Counting the number of valid configurations (this may take a while)...
1128674
Counting the number of valid configurations (this may take a while)...
5760
Getting a sample with 10 configurations (this may take a while)...
[ [ 'Dell_XML',
'not Vostro_1510',
...,
'not integrated_Modem'
],
...
]
Getting the feature probabilities (this may take a while)...
{ 'Beetwen_5_and_7_lbs_Light': 0.869268,
'Between_1000_1300': 0.181764,
...
'w80211n': 0.0803492
}
Getting the product distribution (this may take a while)...
[ 0,
0,
0,
0,
0,
0,
0,
0,
0,
0,
0,
0,
0,
0,
22108,
103540,
223702,
...
]
For more examples, see the bdd4va test.
bdd4va ships with several precompiled binaries, which require a 64-bit Linux system and certain shared libraries.
On systems that don't fulfill these requirements (such as macOS), running inside a virtualized Docker environment with the --platform flag is a viable alternative.
Here is an example to get started (executing the code in example.py):
docker build . --platform linux/amd64 -t bdd4va
docker run --rm --platform linux/amd64 -v "$PWD":/mount bdd4va
Builds a BDD for a configuration model
:param model_file: A file specifying a configuration model with the SPLOT format.
:param synthesize_bdd: do you like to synthesize the BDD or to restore a previously synthesized one?
:return: A dddmp file containing the BDD encoding of the model is generated in the same folder where model_file is located.
Computes the number of valid configurations.
:param feature_assignment: a list with a partial or a complete features' assignment
(e.g., ["f1", "not f3", "f5"])
:return The number of valid configurations
Generates a uniform random sample of size "config_number" from "bdd_file".
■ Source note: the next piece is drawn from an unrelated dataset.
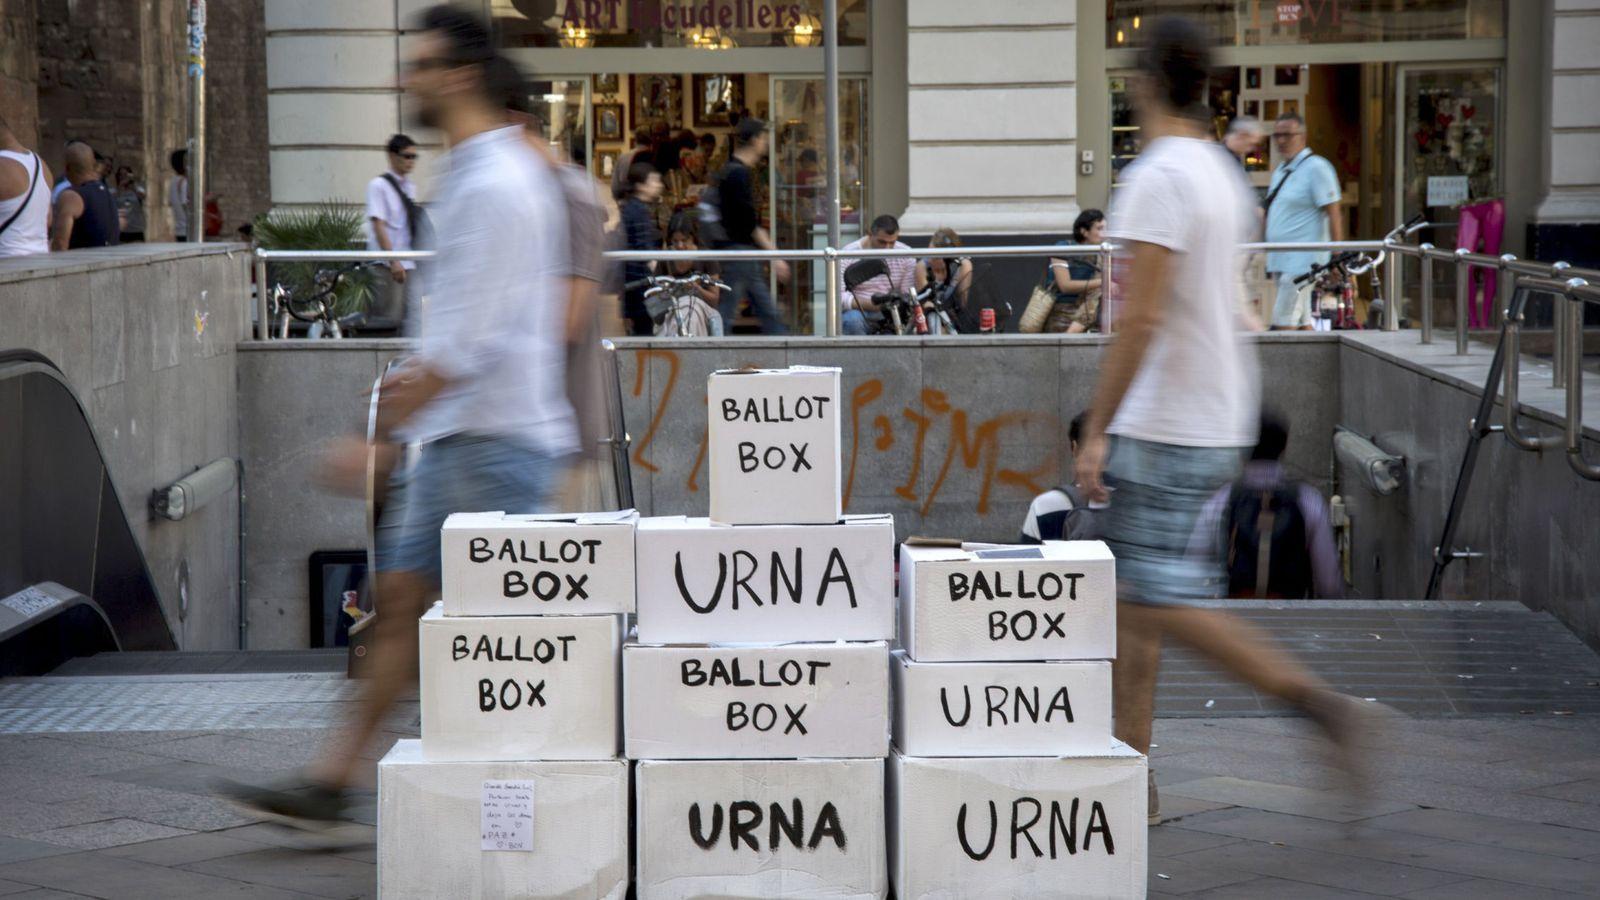 Foto: Una instalación con urnas de votación, en referencia al referendum del 1-O pocos días antes de su celebración. (EFE)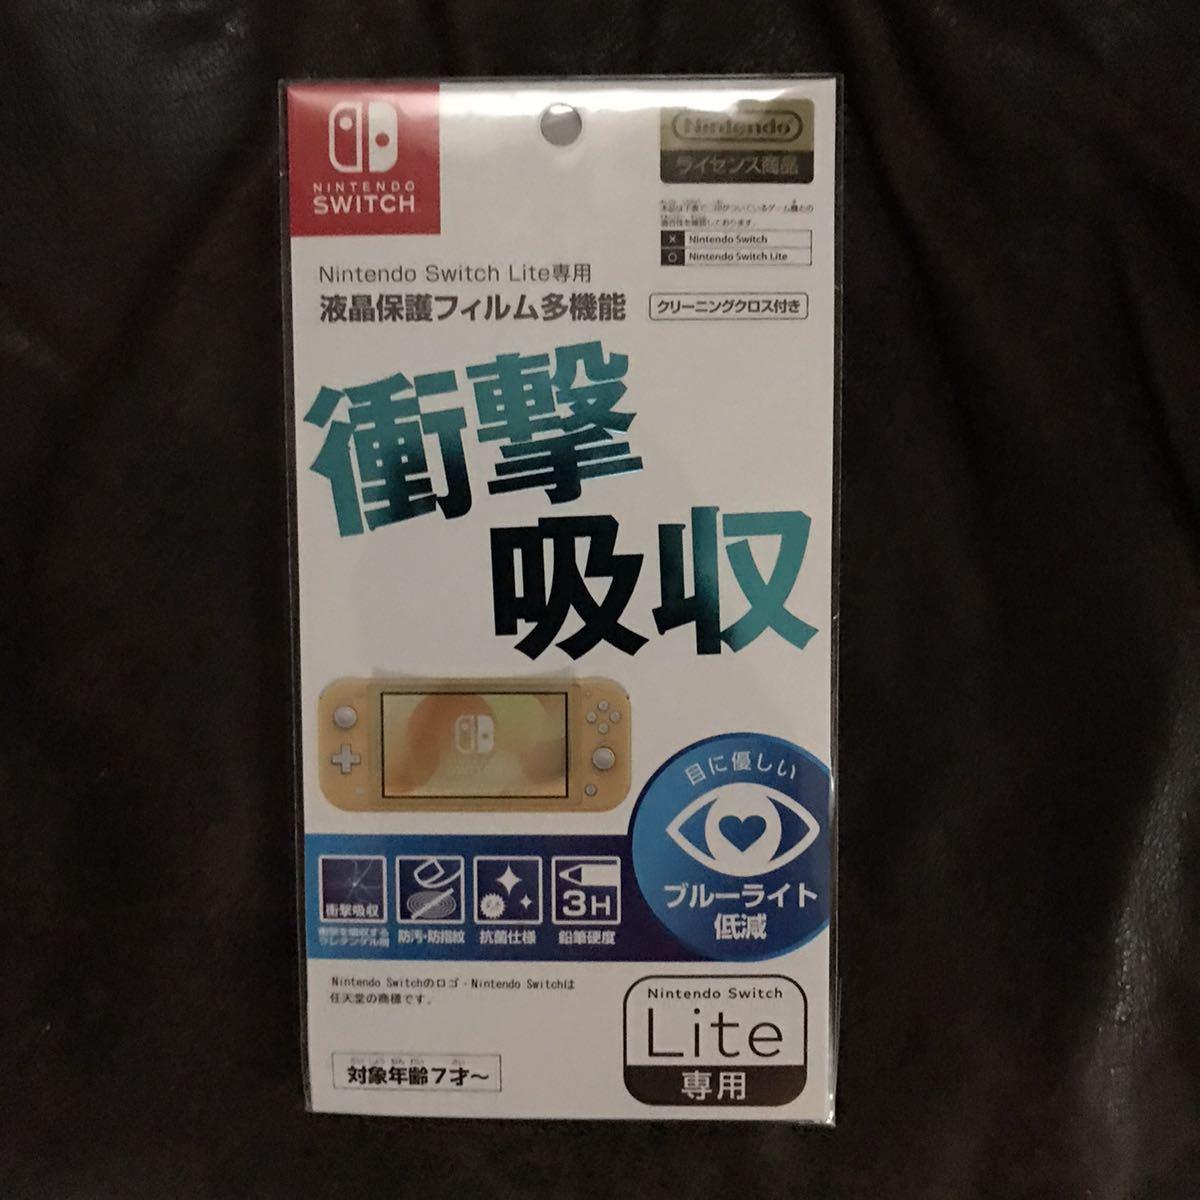 【1円スタート・ 新品未使用・返品可】Nintendo Switch Lite 本体 (ニンテンドースイッチライト)+ソフト2本+液晶保護フィルム_画像8

:param config_number: Number of configurations to be generated.
:param with_replacement: If it is True, every configuration is generated from scratch, independently
of the prior generated configurations. Accordingly, a configuration may be repeated in the sample. If
with_replacement is False then the sample is generated without replacement and there won't be any
repeated configurations (for a more detailed explanation, check https://en.wikipedia.org/wiki/Simple_random_sample).
:return: A list with the generated configurations. Each element in that list is a configuration, and
each configuration is in turn a list of strings encoding the feature values.
Computes the probability each model feature has to be included in a valid product.
That is, for every feature it returns the number of valid products with the feature activated
divided by the total number of valid products (a product is valid if it satisfies all model constraints).
For detailed information, see the paper: Heradio, R., Fernandez-Amoros, D., Mayr-Dorn, C., Egyed, A.:
Supporting the statistical analysis of variability models. In: 41st International Conference on Software
Engineering (ICSE), pp. 843–853. Montreal, Canada (2019).
:param feature_assignment: a list with a partial or a complete features' assignment
(e.g., ["f1", "not f3", "f5"])
:return: A dictionary with the format {feature_1: feature_1_probability, feature_2: feature_2_probability, ...}
Computes the distribution of the number of activated features per product.
:return: A list that stores:
+ In index 0, the number of products with 0 features activated.
+ In index 1, the number of products with 1 feature activated.
...
+ In index n, the number of products with n features activated.
bdd4va is intended to be part of Flama, which is a Python-based framework for the Automated Analysis of Feature Models (AAFM). It takes into consideration previous AAFM tool designs and enables multi-solver and multi-metamodel support for the integration of AAFM tooling on the Python ecosystem.
The main features of the framework are:
- Easy to extend by enabling the creation of new plugins following a semi-automatic generator approach.
- Support multiple variability models. Currently, it provides support for cardinality-based feature models. However, it is easy to integrate others such as attributed feature models.
- Support multiple solvers. Currently, it provides support for the PySAT metasolver, which enables more than ten different solvers.
- Support multiple operations. It is developed, having in mind multi-model operations such as those depicted by Familiar and single-model operations.